It is becoming increasingly important to know our rights - especially as more and more powers are granted to the Police. The day it becomes unlawful to record HM Police is the day that we need to be very worried. Video away, ladies & gents. (And that deletion of Sect. 44 of tha Anti Terrorism Act is important.)


----------



## Dirus_Strictus (Jan 31, 2014)

Sadly the title of the web site highlighted by Ricasso tells all in my opinion and waving a copy in the face of any Officer is likely to increase any tension, rather than reduce same. Derelict-UK's common sense approach is all that is needed, however, if you start quoting the Law to all and sundry make sure you know and fully understand all the facts. Act like a F****** Prat and you will be treated as one. Pilot is correct in stating one should know one's rights, but make sure you have studied and understood the relevant Law and Regulations. Going off half cocked in front off any Authority is the surest way of really pissing that person or persons off - in that situation you deserve any tirade that comes your way.


----------



## krela (Jan 31, 2014)

Dirus_Strictus said:


> Sadly the title of the web site highlighted by Ricasso tells all in my opinion and waving a copy in the face of any Officer is likely to increase any tension, rather than reduce same. Derelict-UK's common sense approach is all that is needed, however, if you start quoting the Law to all and sundry make sure you know and fully understand all the facts. Act like a F****** Prat and you will be treated as one.
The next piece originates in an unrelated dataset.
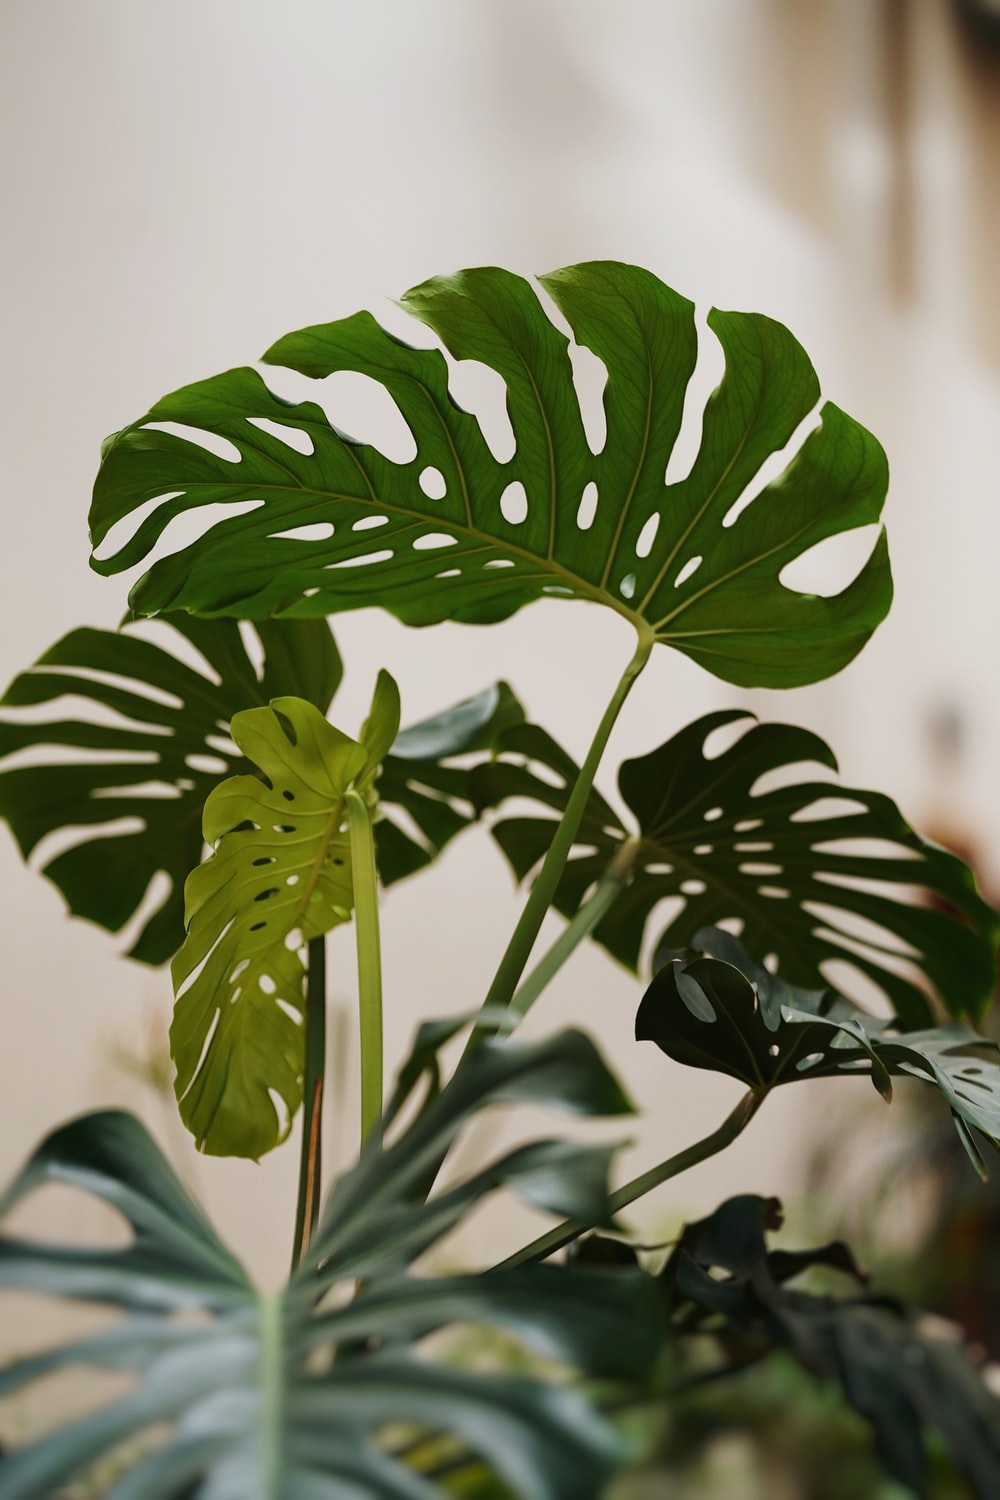 A plant with green leaves and stems - Monstera

Not all officers like a friendly chat, some of them (quite a lot unfortunately) like to throw their weight around, and then knowing the law certainly helps... If that requires a bit of paper and being a f****** prat then so be it. I have no problem increasing tension if that's what's required to assert my rights, just as I would with any other bully. I don't hold with the nothing to hide argument personally, I think it's a slippery slope that only perpetuates the problem. Each to their own though and I have no issue with that.

I do agree that being friendly is the first way to go, but it doesn't always work. Even so there is a difference between standing your ground and being assertive, and being an arrogant know it all dick. Don't be a dick.


----------